Я приведу здесь еще слова, которые произносит Цезарь, когда ему приносят урну с прахом Помпея.
У греков есть иные красоты, но беру Вас в свидетели, монсеньор, такого рода красот у них нет.
Более того, я утверждаю, что эти люди, которые столь страстно любили свободу и столь часто говорили, что благородный образ мыслей возможен только в республике, даже о свободе научились бы говорить достойно из некоторых наших пьес, хоть они и написаны в лоне монархии.
Писатели нового времени, кроме того, чаще, чем греки, создавали сюжеты, основанные на чистом вымысле. У нас было много таких произведений во времена кардинала Ришелье, таков был его вкус, так же как вкус испанцев; он любил, чтобы автор старался прежде всего изобразить нравы и построить интригу, а уж потом давал имена действующим лицам, как поступают, сочиняя комедию. Та к работал он сам, когда хотел отдохнуть от бремени государственных забот. «Венцеслав» Ротру[461] написан всецело в его вкусе, и вся эта история – вымысел. Но автор хотел изобразить необузданного в своих страстях молодого человека с его хорошими и дурными качествами, нежного и слабохарактерного отца, и отчасти ему это удалось. «Сид» и «Ираклий»[462] тоже построены на заимствованных у испанцев вымышленных сюжетах. Правда, был некогда император по имени Ираклий, был испанский полководец по имени Сид, но почти все истории, которые им приписывают, ложны. В «Заире» и «Альзире»[463], о которых я осмеливаюсь упомянуть только для того, чтобы сослаться на известные примеры, вымышлено все, вплоть до имен. Я не понимаю после этого, как отец Брюмуа[464] мог сказать в своем «Театре греков», что трагедия не терпит вымышленных сюжетов и что в Афинах такие сюжеты никогда не допускались. Он изо всех сил старается найти причину тому, чего нет.
«Я полагаю, – говорит он, – что это объясняется природой человеческого ума.

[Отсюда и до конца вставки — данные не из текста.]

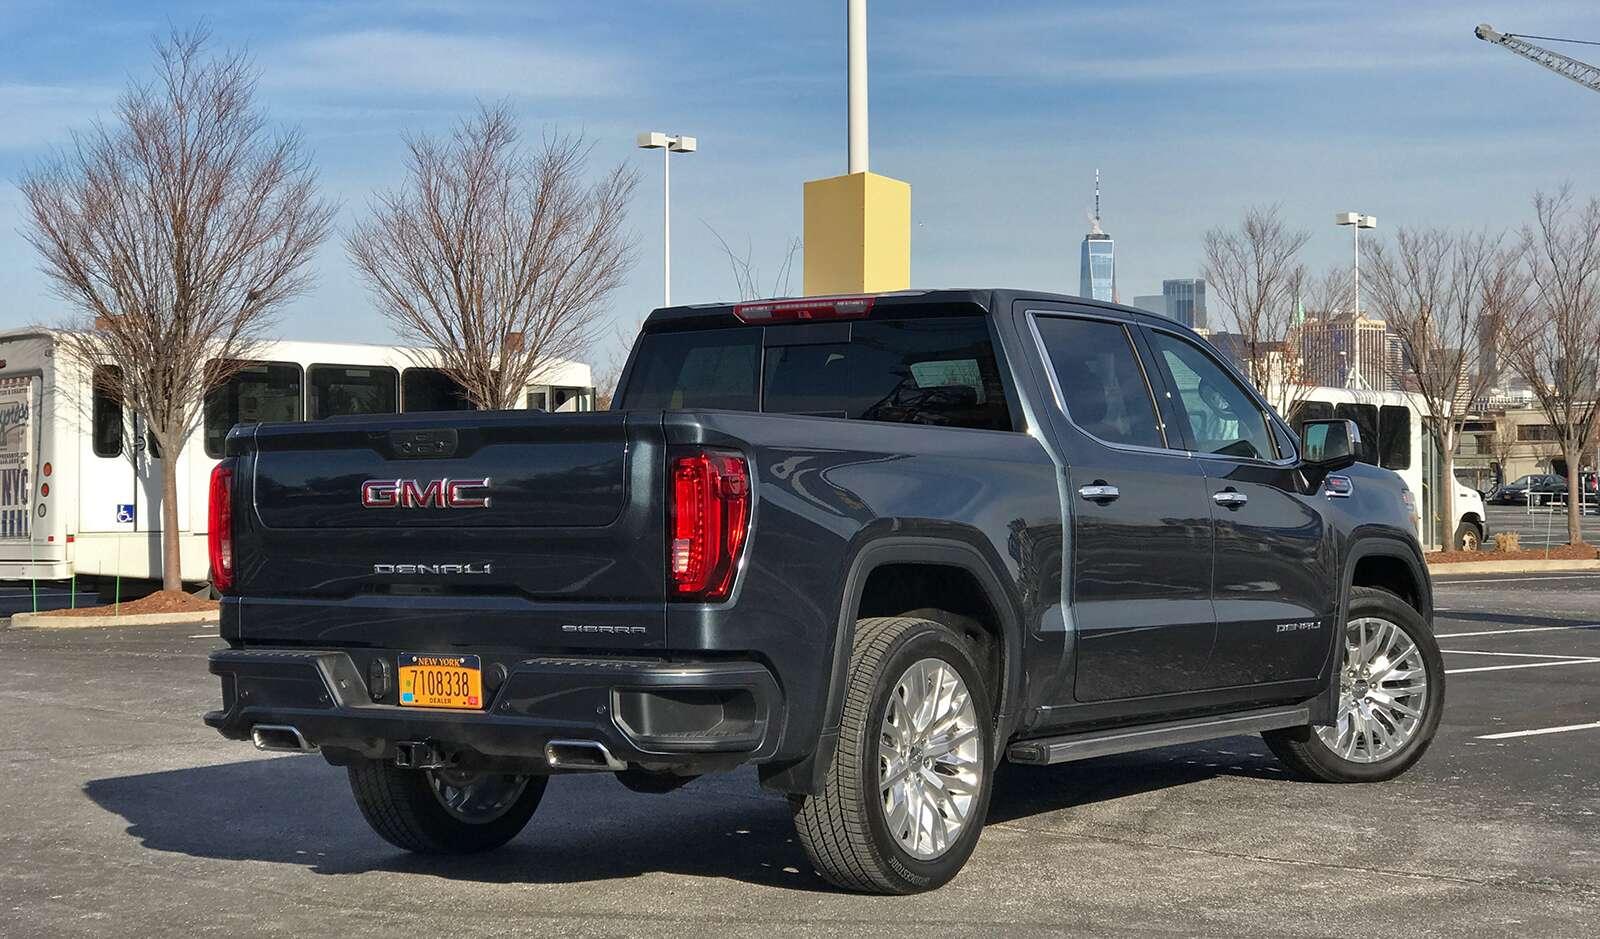 2019 GMC Sierra Denali 1500 Test Drive Review: A Nice Pickup Truck, Sure, But Not $68,000 Nice ...

Его может затронуть только правдоподобное, между тем неправдоподобно, чтобы столь великие события, как те, которые изображаются в трагедии, были совершенно неизвестны; поэтому, если поэт измышляет весь сюжет, вплоть до имен, он восстанавливает против себя зрителя, которому все кажется невероятным, и пьеса за отсутствием правдоподобия не достигает эффекта».